Embeddings are workspace-scoped. The similarity search is bounded to documents that belong to the same workspace as the target document, and only documents the authenticated user has access to are indexed. The AI will never surface content from a document in a different workspace or a document the user cannot read.

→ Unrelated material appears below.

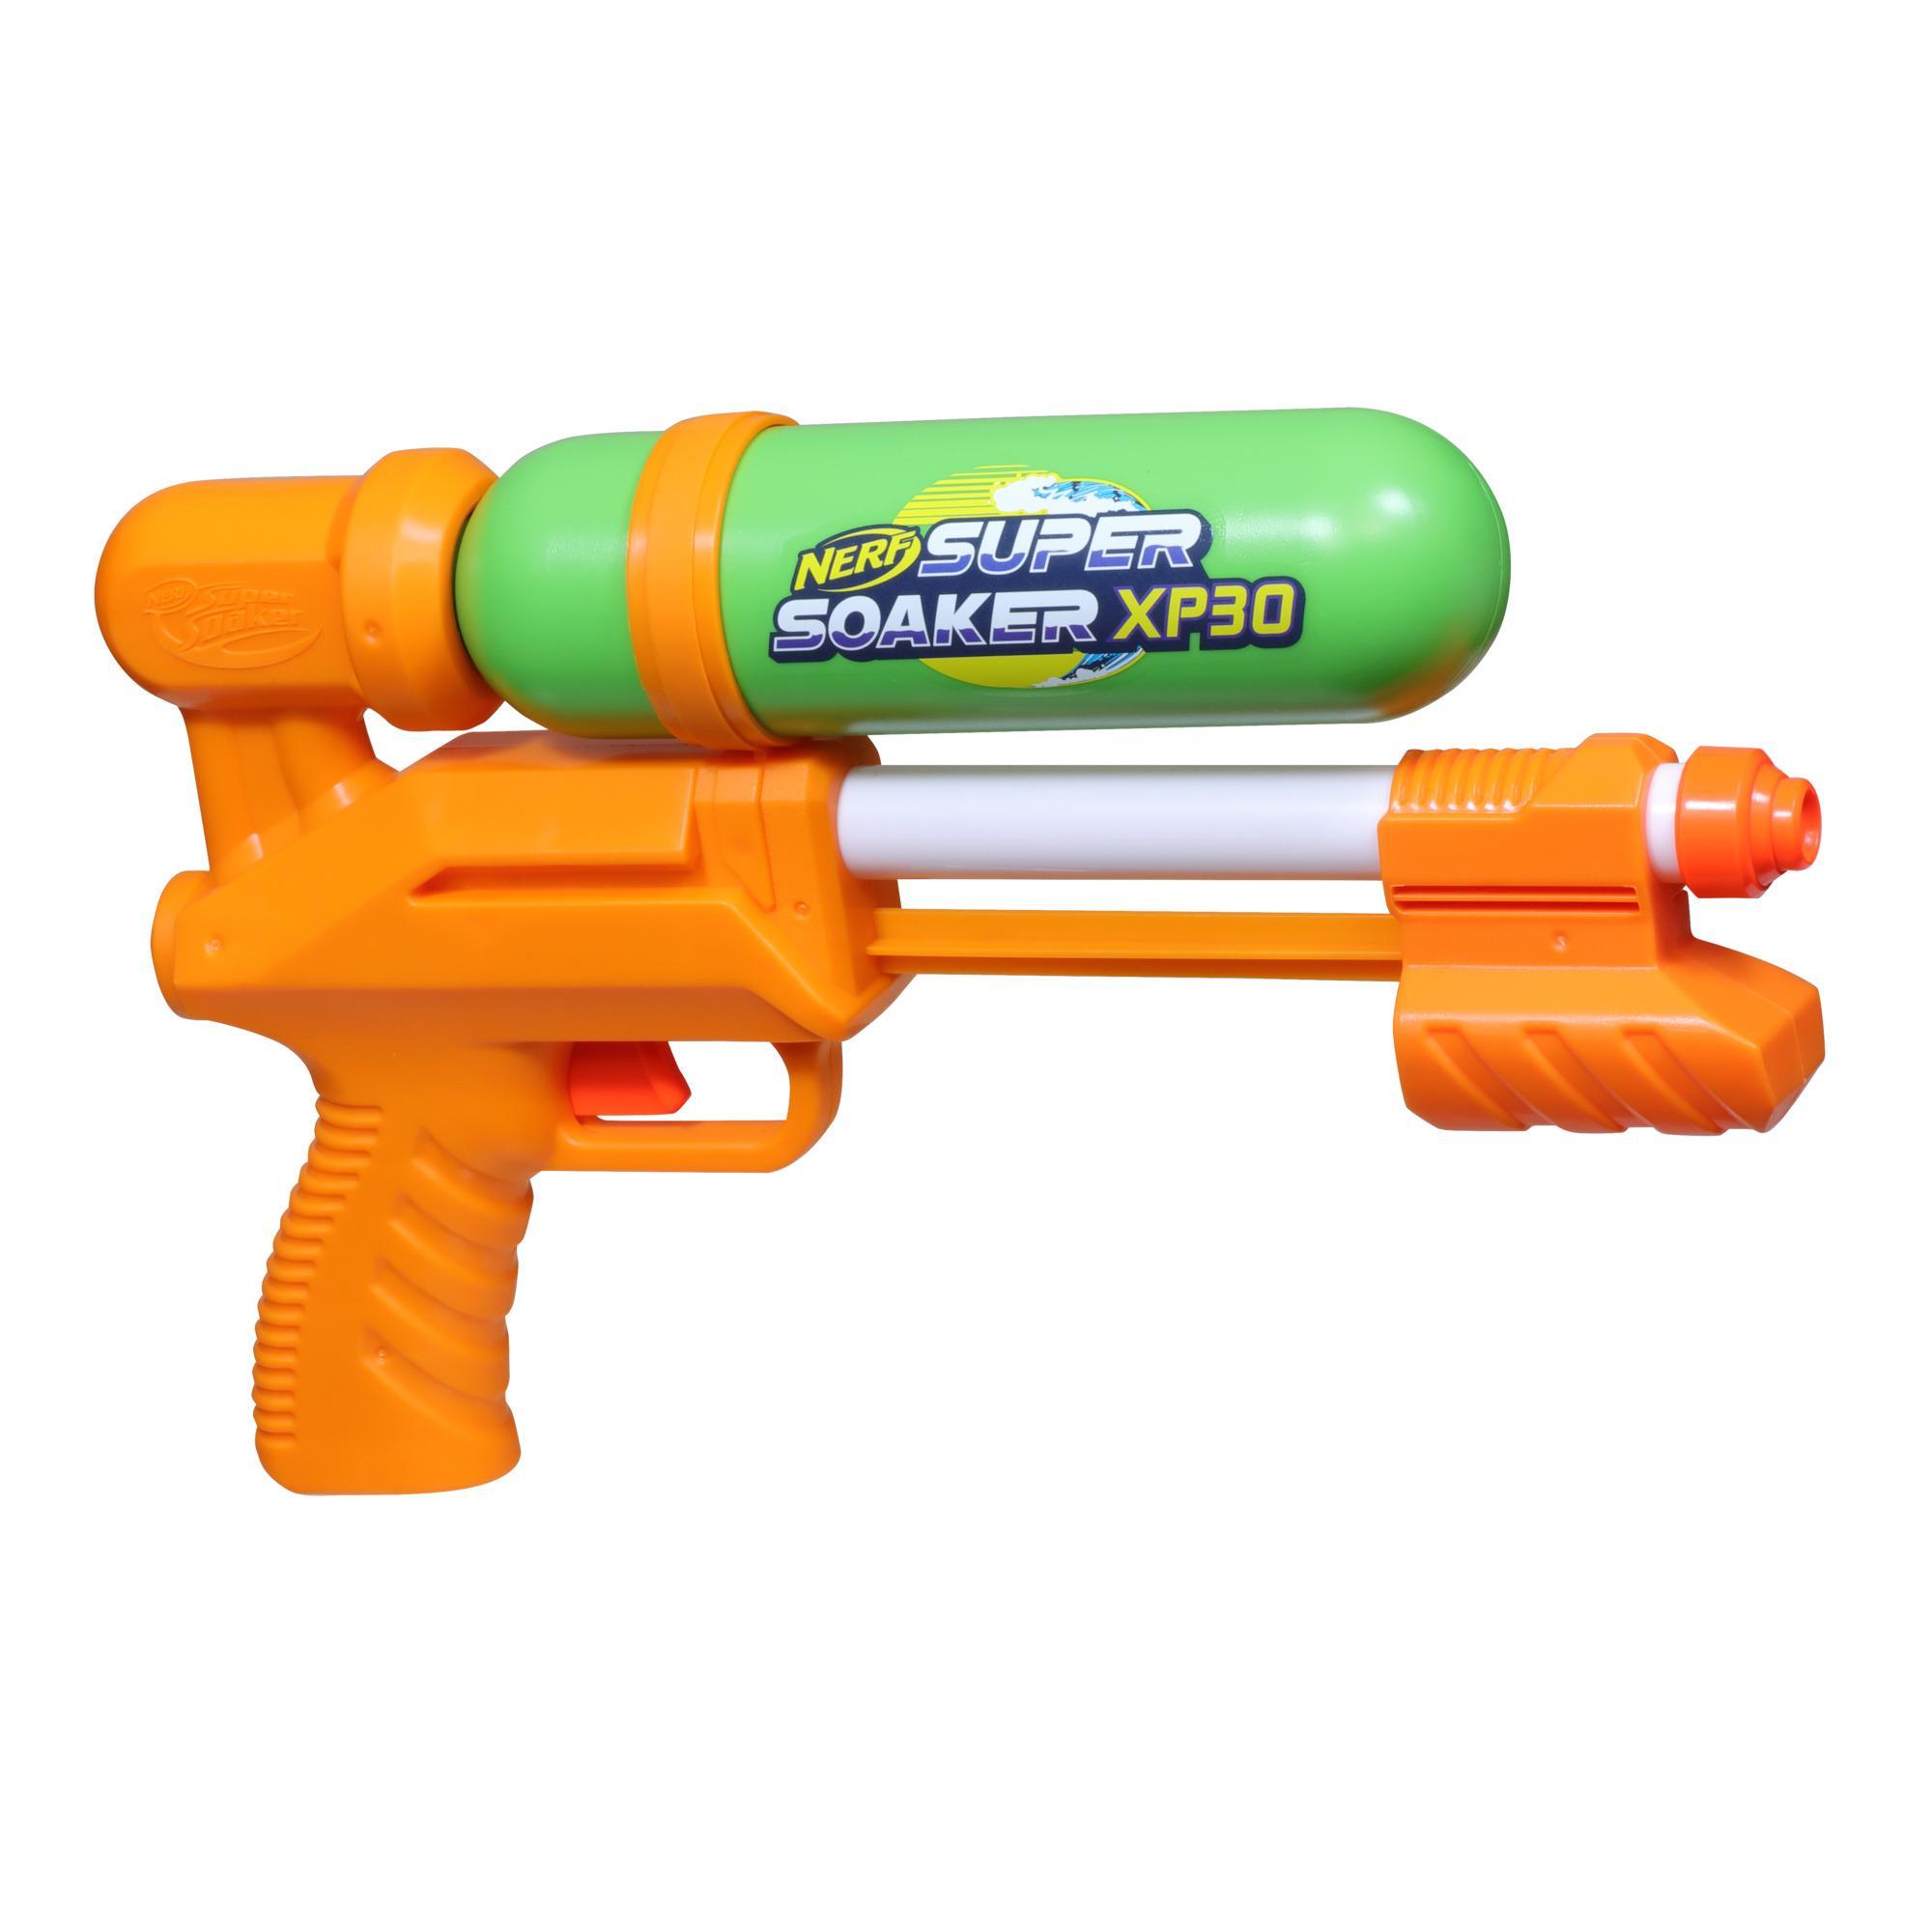 Nerf Super Soaker, blaster à eau XP30-AP, réservoir fait en plastique recyclé, jet d'eau continu à air comprimé

POST /api/v1/ai/embeddings/index

Index or re-index a document’s embeddings. Send the full plain-text content of the document; the service handles chunking, embedding, and storage automatically.
curl -X POST https://api.caret.page/api/v1/ai/embeddings/index \
  -H "Authorization: Bearer <token>" \
  -H "Content-Type: application/json" \
  -d '{
    "document_id": "a1b2c3d4-e5f6-7890-abcd-ef1234567890",
    "content": "Q3 performance exceeded expectations across all product lines..."
  }'

Request body

document_id
string
required
UUID of the document to index. The authenticated user must have access to this document; a 403 is returned if they do not, and 404 if the document does not exist.
content
string
required
Plain-text content of the document. Minimum 1 character, maximum 500,000 characters. Strip Tiptap/ProseMirror JSON before sending — only raw text is accepted. The document service exposes a content_text field on every document response that is suitable for direct use here.

What happens internally

  1. The service deletes all existing document_embeddings rows for document_id.
  2. The content is split into overlapping fixed-size chunks (with a configurable stride to preserve context across boundaries).
  3. Each chunk is passed to the configured embedding model (OpenAI text-embedding-ada-002 or equivalent) to produce a 1536-dimensional float vector.
  4. Each chunk row is inserted into document_embeddings with the document_id, workspace_id (resolved from the document record), chunk_index, chunk_text, and embedding vector(1536).
  5. The response reports how many chunks were stored.

Response — 200 OK

document_id
string
required
UUID of the indexed document (echoed from the request).
chunks_indexed
integer
required
Number of embedding chunks stored in document_embeddings. A short document might produce a single chunk; a long one could produce dozens.
Example response
{
  "document_id": "a1b2c3d4-e5f6-7890-abcd-ef1234567890",
  "chunks_indexed": 14
}

Error responses

StatusCondition
404 Not FoundThe document_id does not exist or the workspace could not be resolved.
403 ForbiddenThe authenticated user does not have access to the document.
422 Unprocessable EntityRequest body failed validation (e.g. content is empty or exceeds 500,000 characters).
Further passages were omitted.